──────── SOURCE INFORMATION ────────

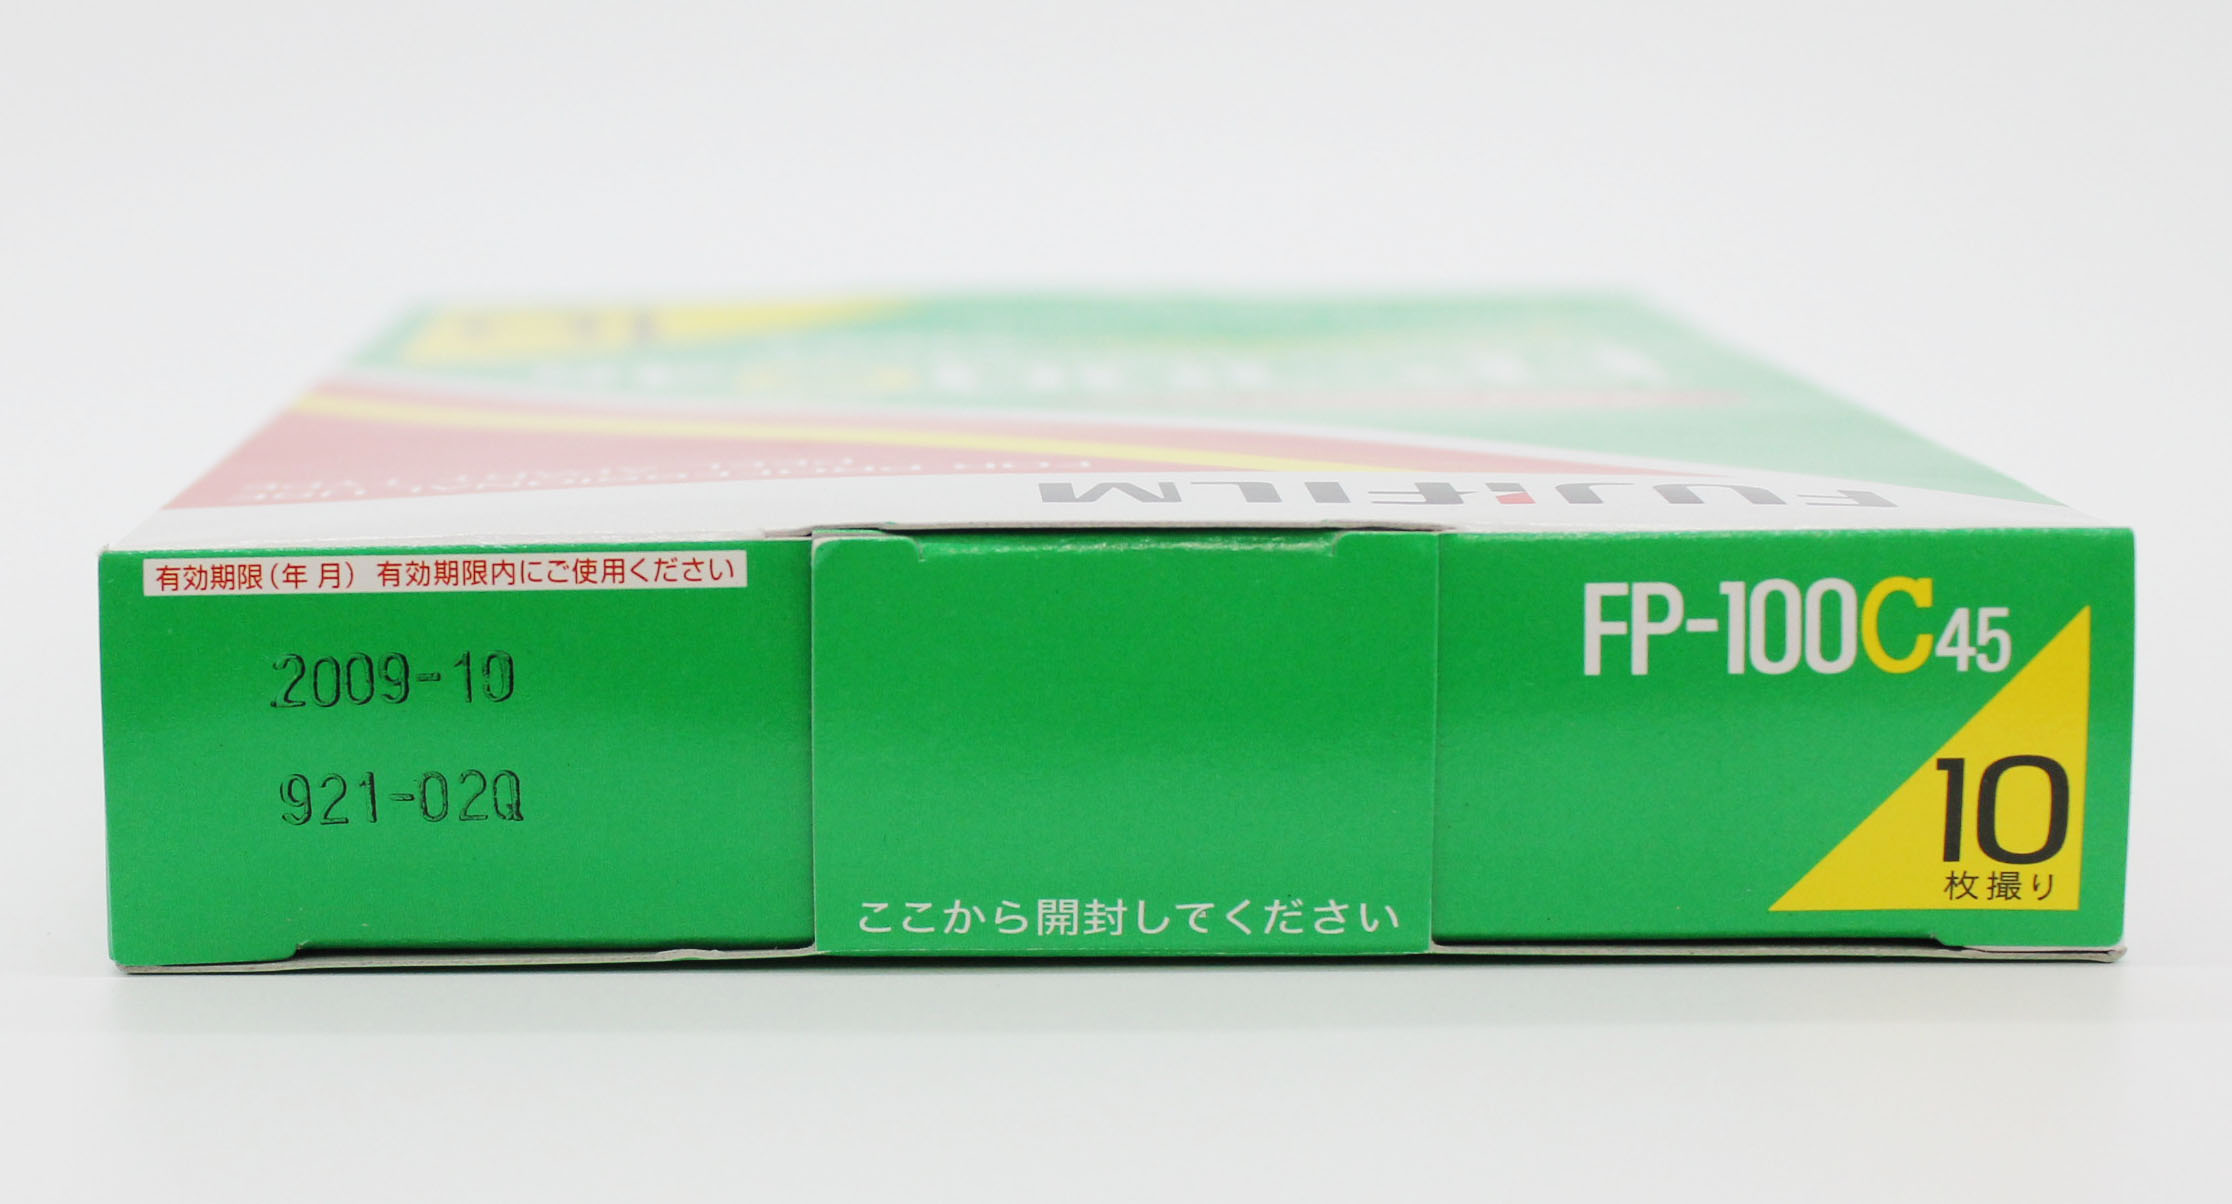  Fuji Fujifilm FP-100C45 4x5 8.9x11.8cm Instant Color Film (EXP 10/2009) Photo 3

────────
──────── SOURCE INFORMATION ────────

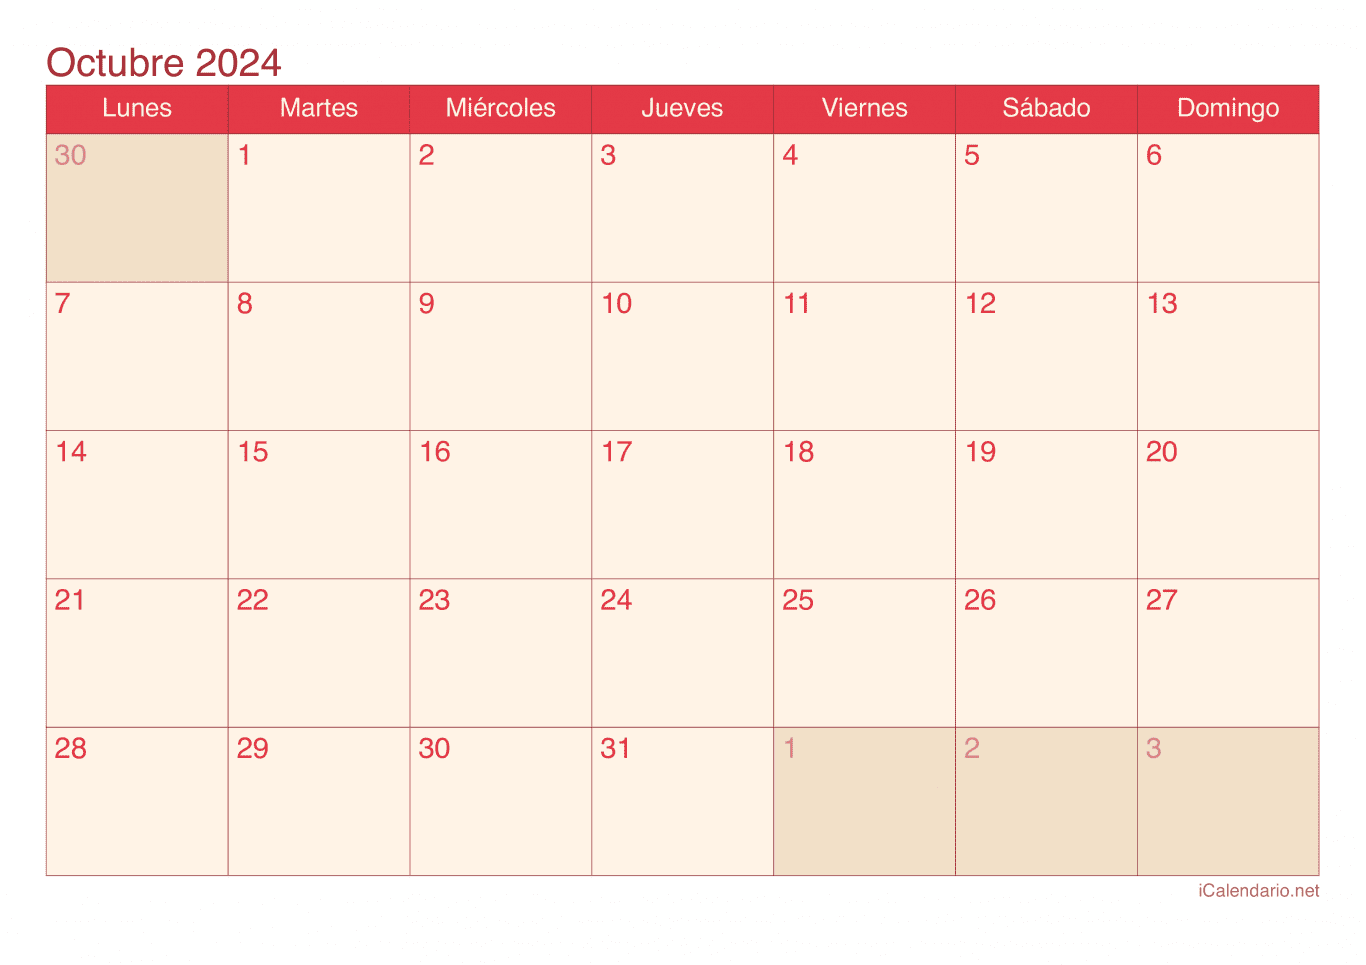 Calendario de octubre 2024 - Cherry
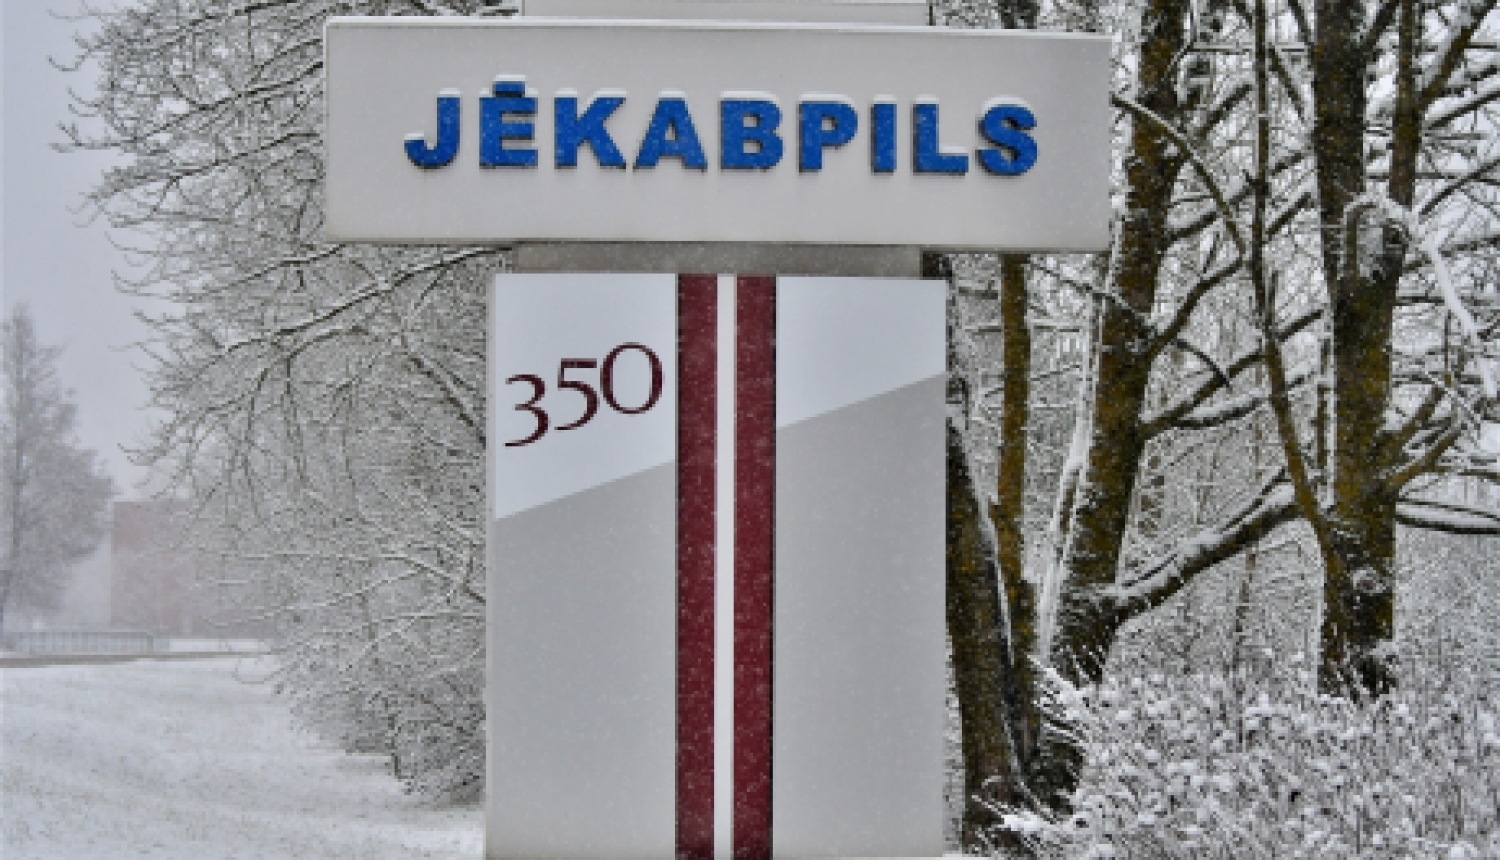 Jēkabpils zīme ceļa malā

────────
──────── SOURCE INFORMATION ────────

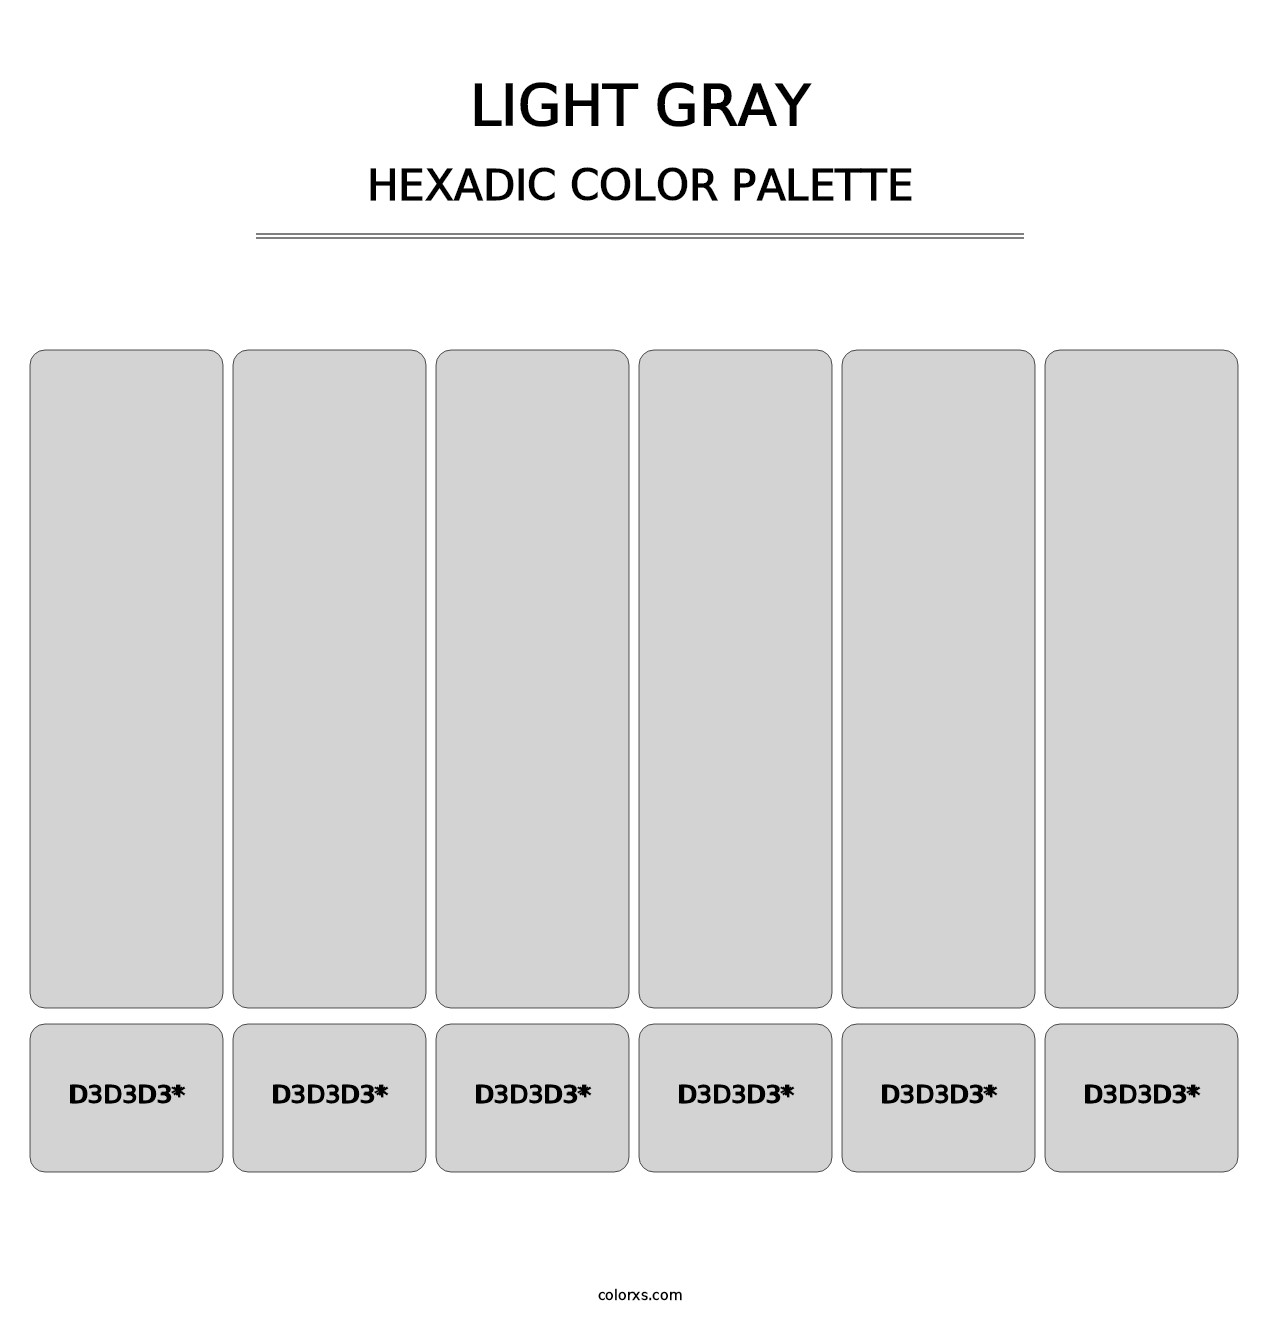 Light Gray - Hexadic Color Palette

────────

ASSIGNMENT: From the records above, copy exactly the stretch from the line holding "Calendario de octubre 2024 - Cherry" through the line holding "Jēkabpils zīme ceļa malā", both ends included, without the pictures.

RESPONSE AREA:
 Calendario de octubre 2024 - Cherry
 Jēkabpils zīme ceļa malā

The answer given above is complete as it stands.